I would like to try out the Mincemeat map/reduce Python application for matrix multiplication. I am using Python 2.7. I found several web pages that describe how to do matrix multiplication using Hadoop in Java, and I have been referring to this one http://importantfish.com/one-step-matrix-multiplication-with-hadoop/ both because it is simple and because the pseudocode that it displays is very close to Python code already.
I noticed in the Java code that is also included that the matrix dimensions are supplied to the map and reduce functions via an additional argument of type Context. Mincemeat doesn't provide such a thing, but I got a suggestion that I could provide these values to my map and reduce functions using closures. The map and reduce functions I wrote look like this:
def make_map_fn(num_rows_result, num_cols_result):
m = num_rows_result
p = num_cols_result
def map_fn(key, value):
# value is ('A', i, j, a_ij) or ('B', j, k, b_jk)
if value[0] == 'A':
i = value[1]
j = value[2]
a_ij = value[3]
for k in xrange(1, p):
yield ((i, k), ('A', j, a_ij))
else:
j = value[1]
k = value[2]
b_jk = value[3]
for i in xrange(1, m):
yield ((i, k), ('B', j, b_jk))
return map_fn
def make_reduce_fn(inner_dim):
n = inner_dim
def reduce_fn(key, values):
# key is (i, k)
# values is a list of ('A', j, a_ij) and ('B', j, b_jk)
hash_A = {j: a_ij for (x, j, a_ij) in values if x == 'A'}
hash_B = {j: b_jk for (x, j, b_jk) in values if x == 'B'}
result = 0
for j in xrange(1, n):
result += hash_A[j] * hash_B[j]
return (key, result)
return reduce_fn
Then I assign them to Mincemeat like this:
s = mincemeat.Server()
s.mapfn = make_map_fn(num_rows_A, num_cols_B)
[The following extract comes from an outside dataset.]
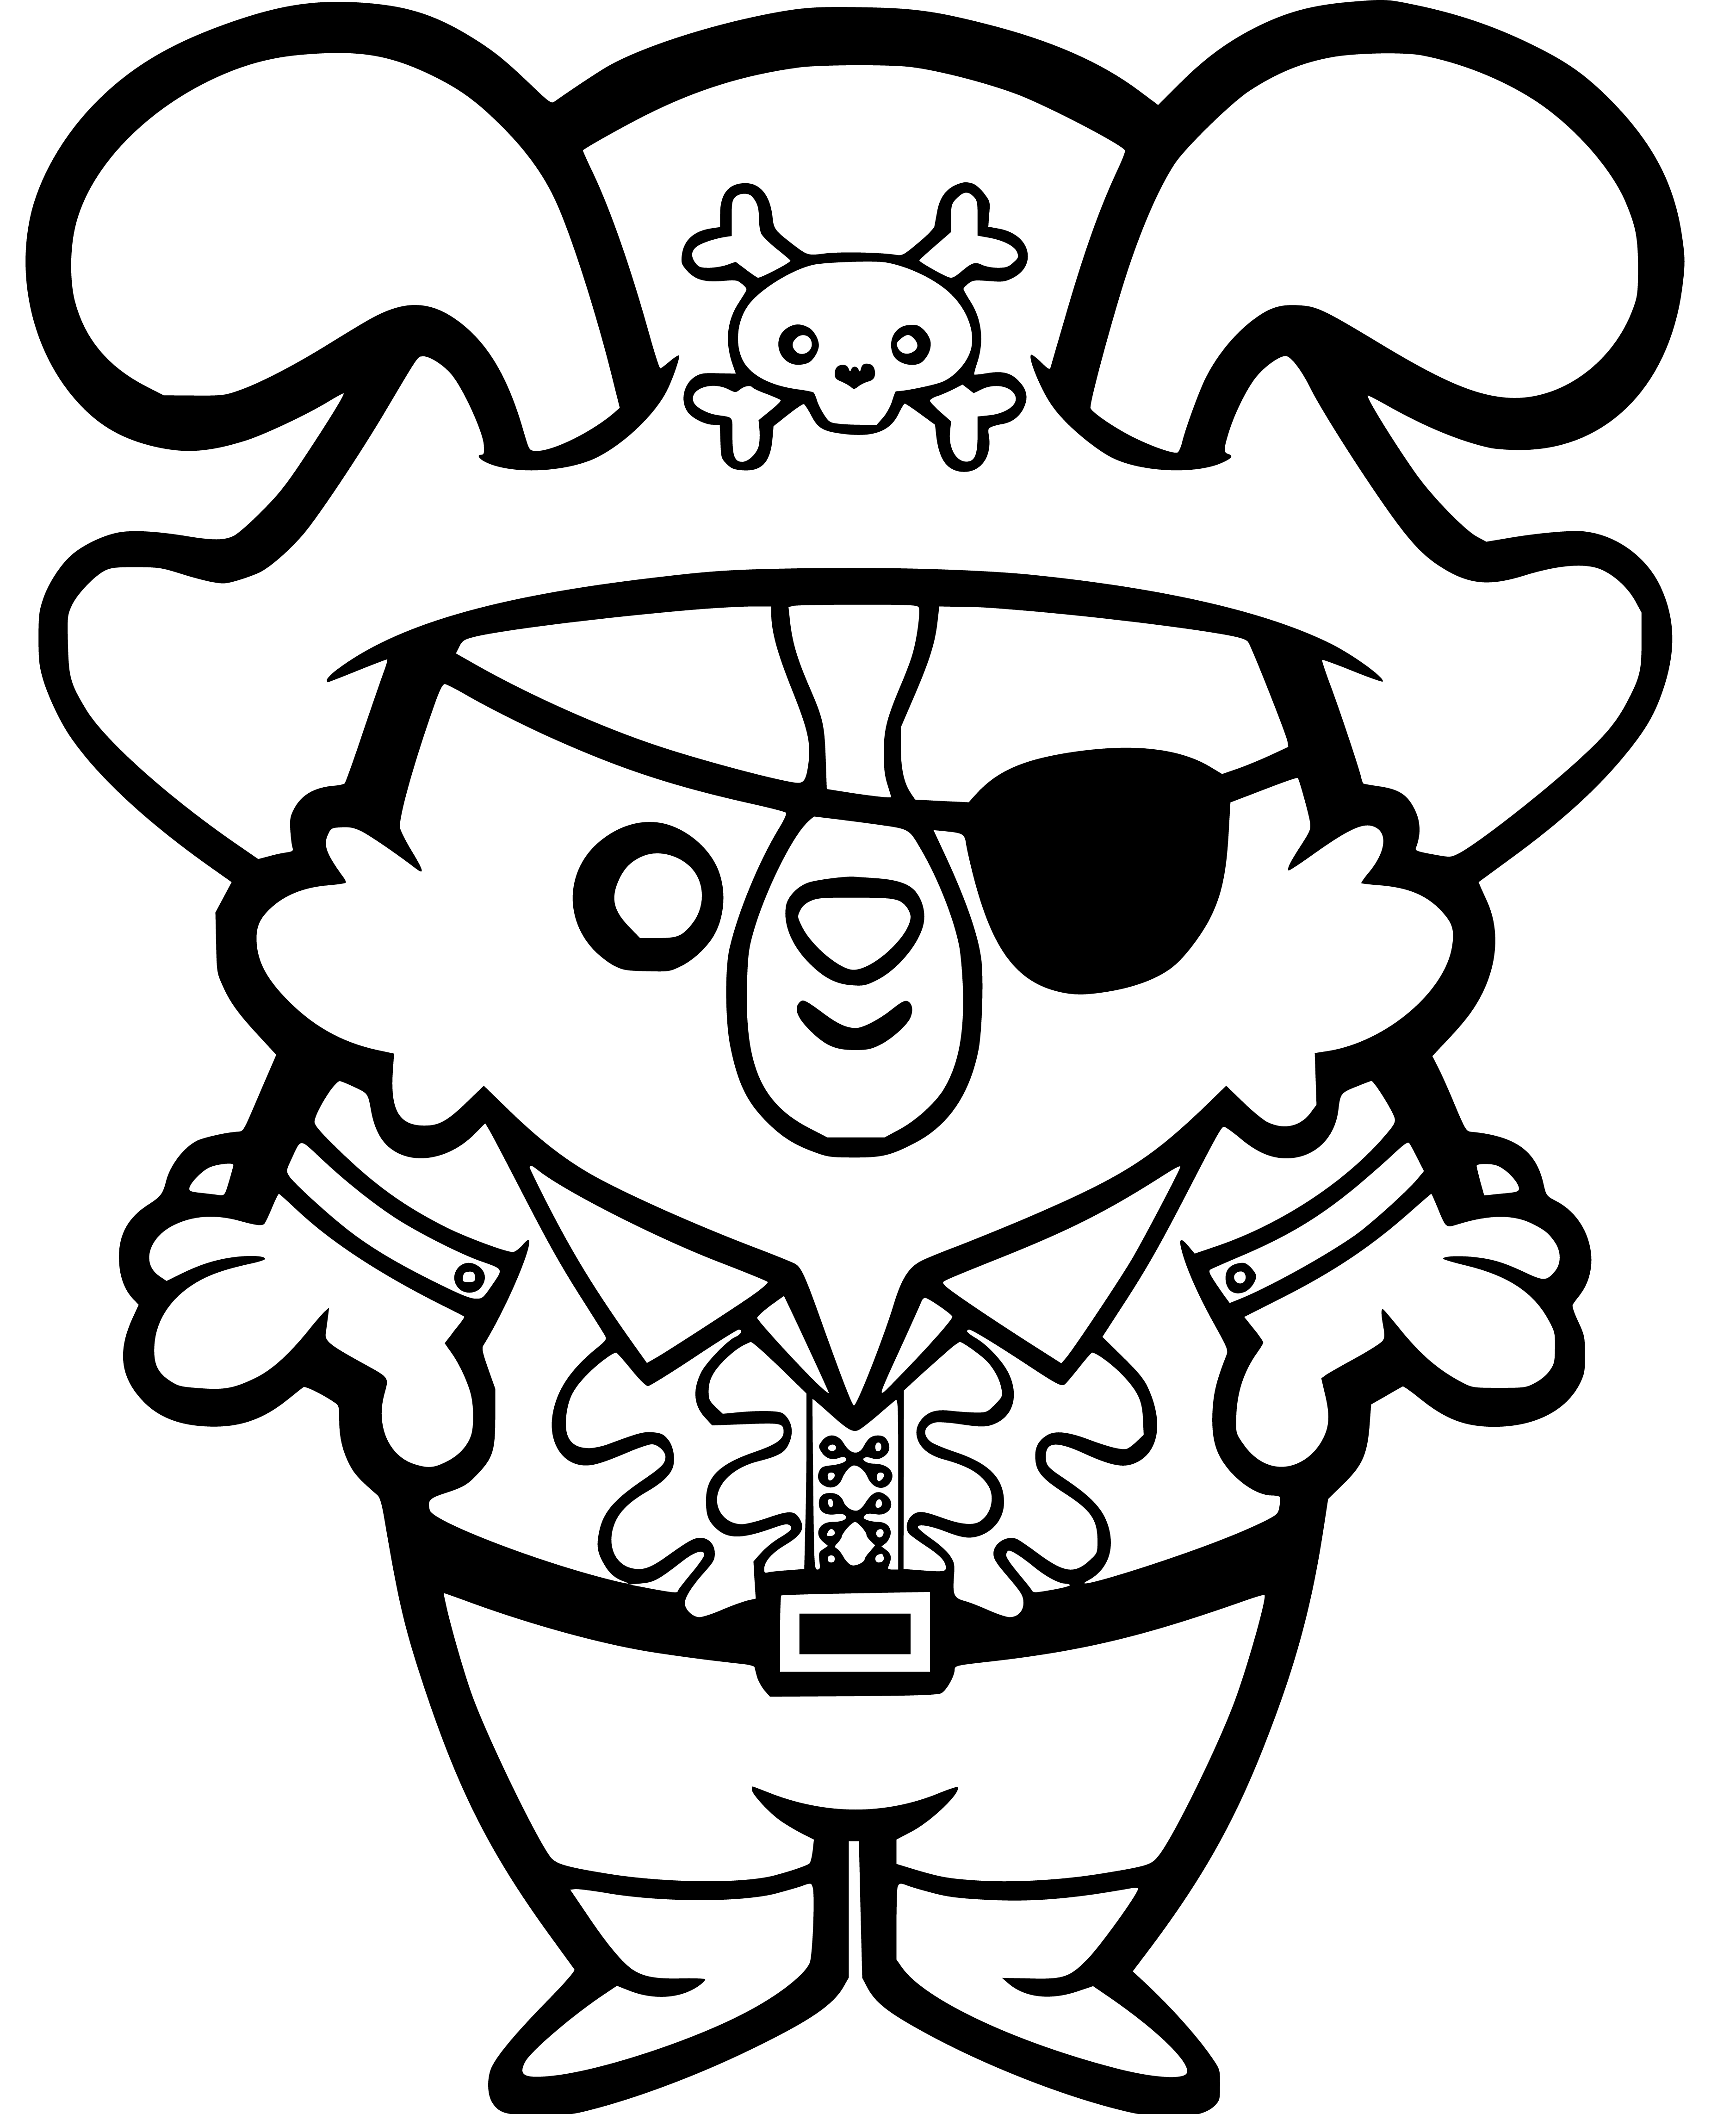 Little Kid Pirate Coloring Pages Printable - SheetalColor.com

s.reducefn = make_reduce_fn(num_cols_A)
When I run this in Mincemeat, I get this error message:
error: uncaptured python exception, closing channel <__main__.Client connected at 0x2ada4d0>
(<type 'exceptions.TypeError'>:arg 5 (closure) must be tuple
[/usr/lib/python2.7/asyncore.py|read|83]
[/usr/lib/python2.7/asyncore.py|handle_read_event|444]
[/usr/lib/python2.7/asynchat.py|handle_read|140]
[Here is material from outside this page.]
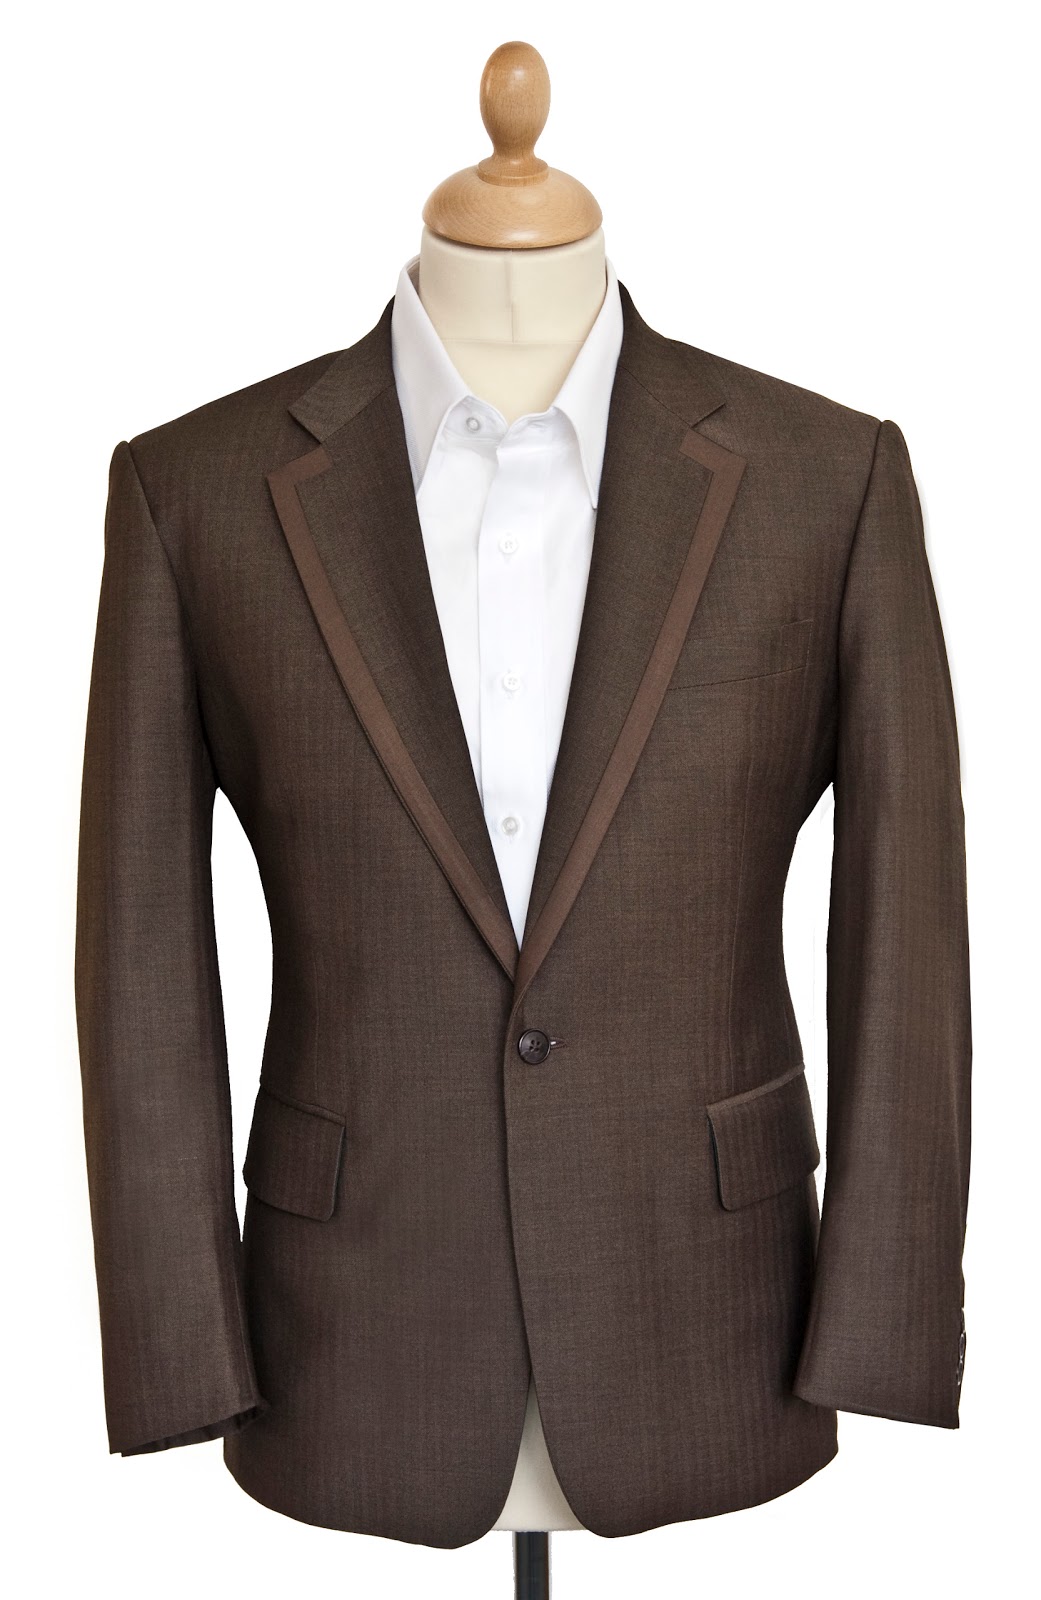 Head & Griffiths: Off-the-peg or made-to-measure suits?

[/usr/local/lib/python2.7/dist-packages/mincemeat.py|found_terminator|96]
[/usr/local/lib/python2.7/dist-packages/mincemeat.py|process_command|194]
[/usr/local/lib/python2.7/dist-packages/mincemeat.py|set_mapfn|159])
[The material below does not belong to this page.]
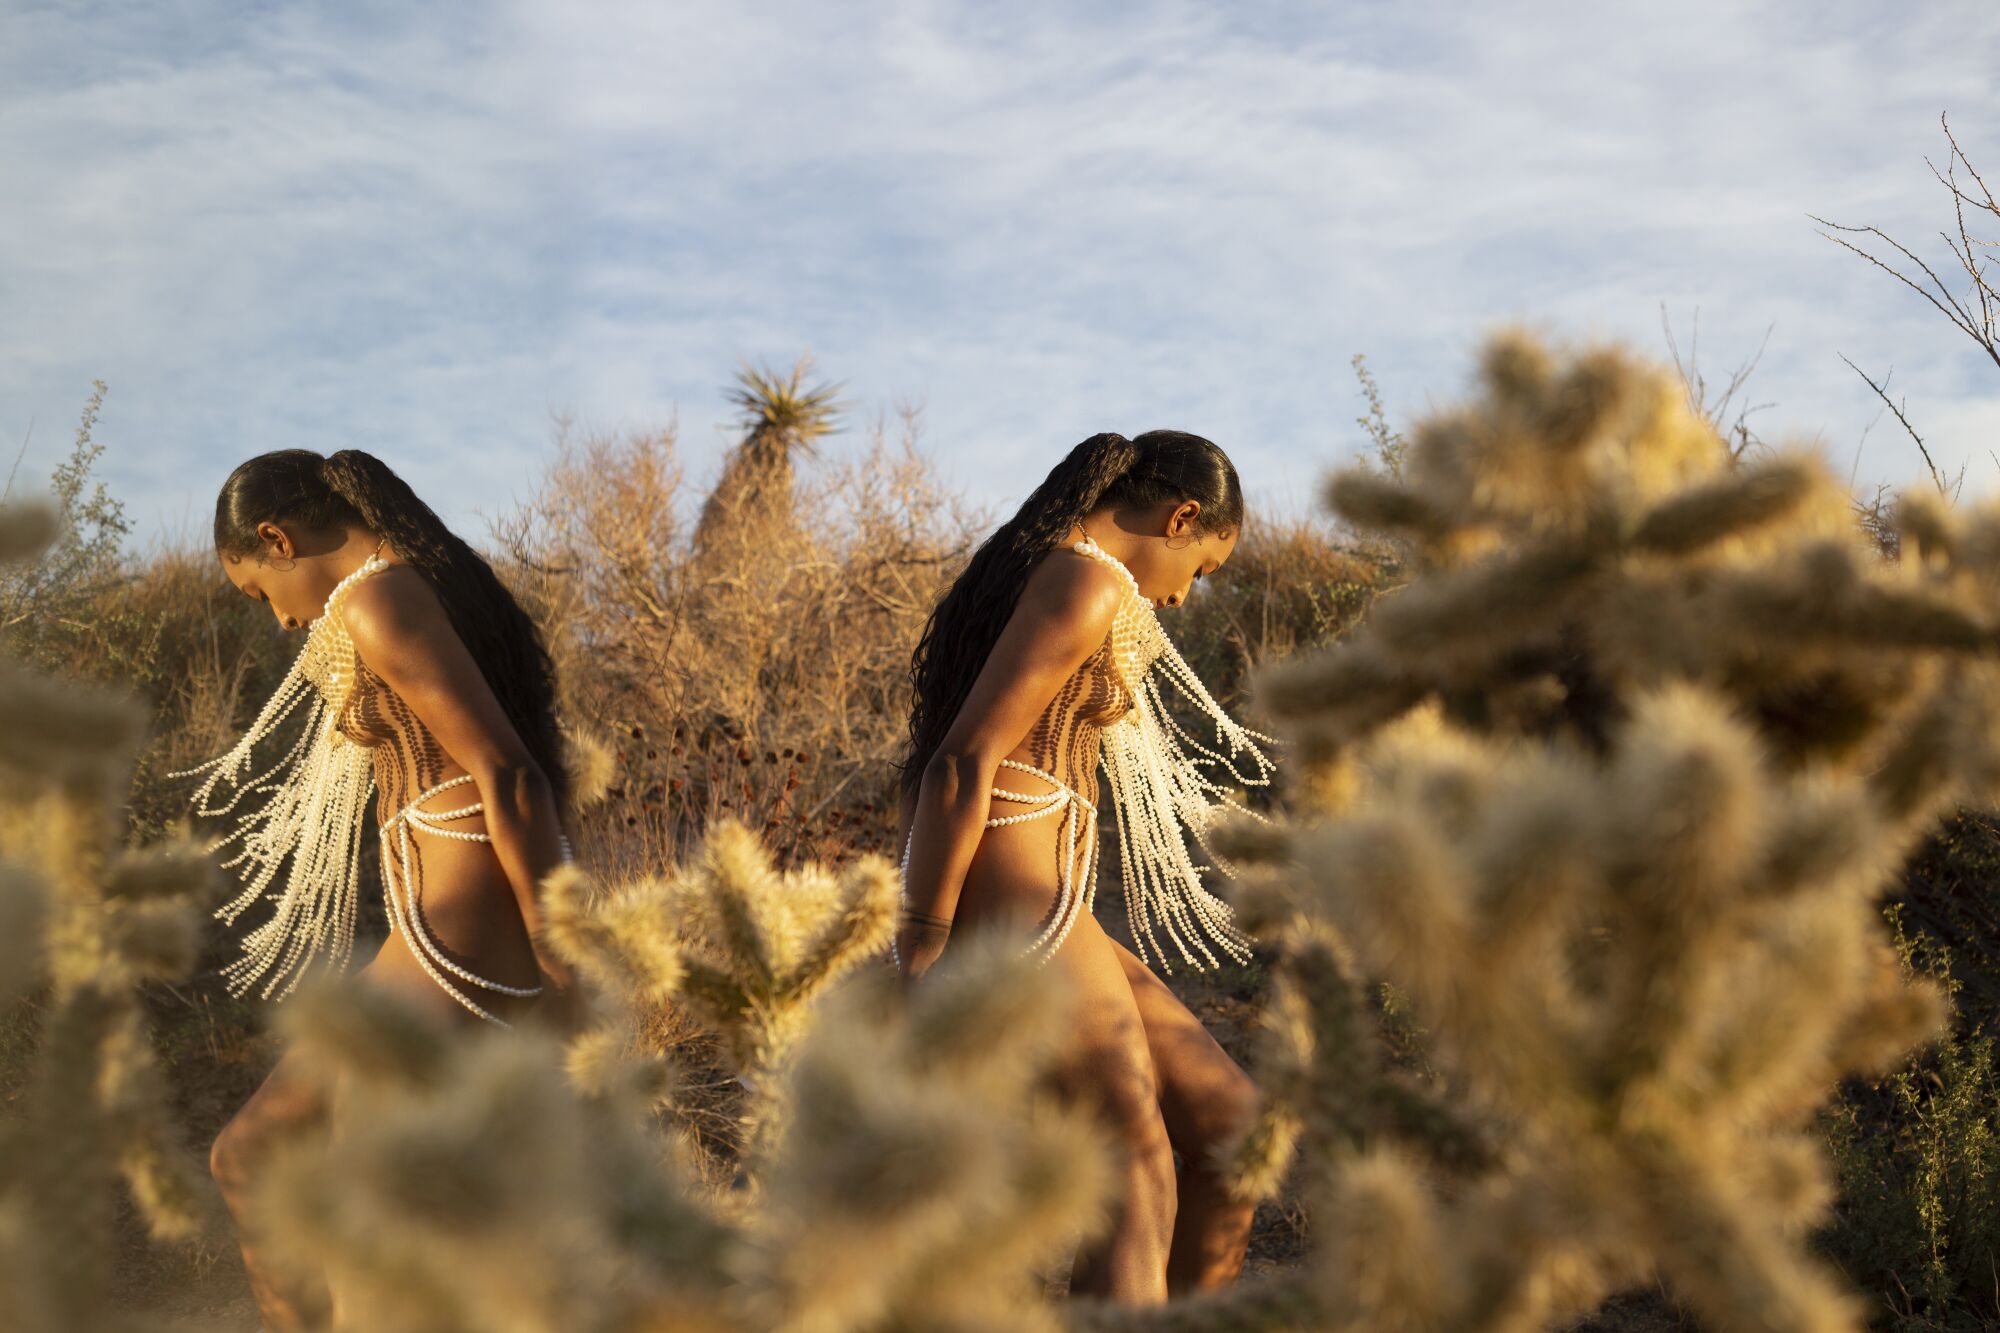 A double exposure of a scantily clad woman back to back with herself in the desert.

I searched around on the net with search terms like |python closure must be tuple| and the things that I found seemed to be dealing with cases where someone is trying to construct a function using lambda or function() and need to make sure they didn't omit certain things when defining them as closures. In my case, the map_fn and reduce_fn values returned by make_map_fn and make_reduce_fn look like valid function objects, their func_closure values are tuples of cells containing the array dimensions that I want to supply, but something is still missing. What form do I need to pass these functions in to be usable by Mincemeat?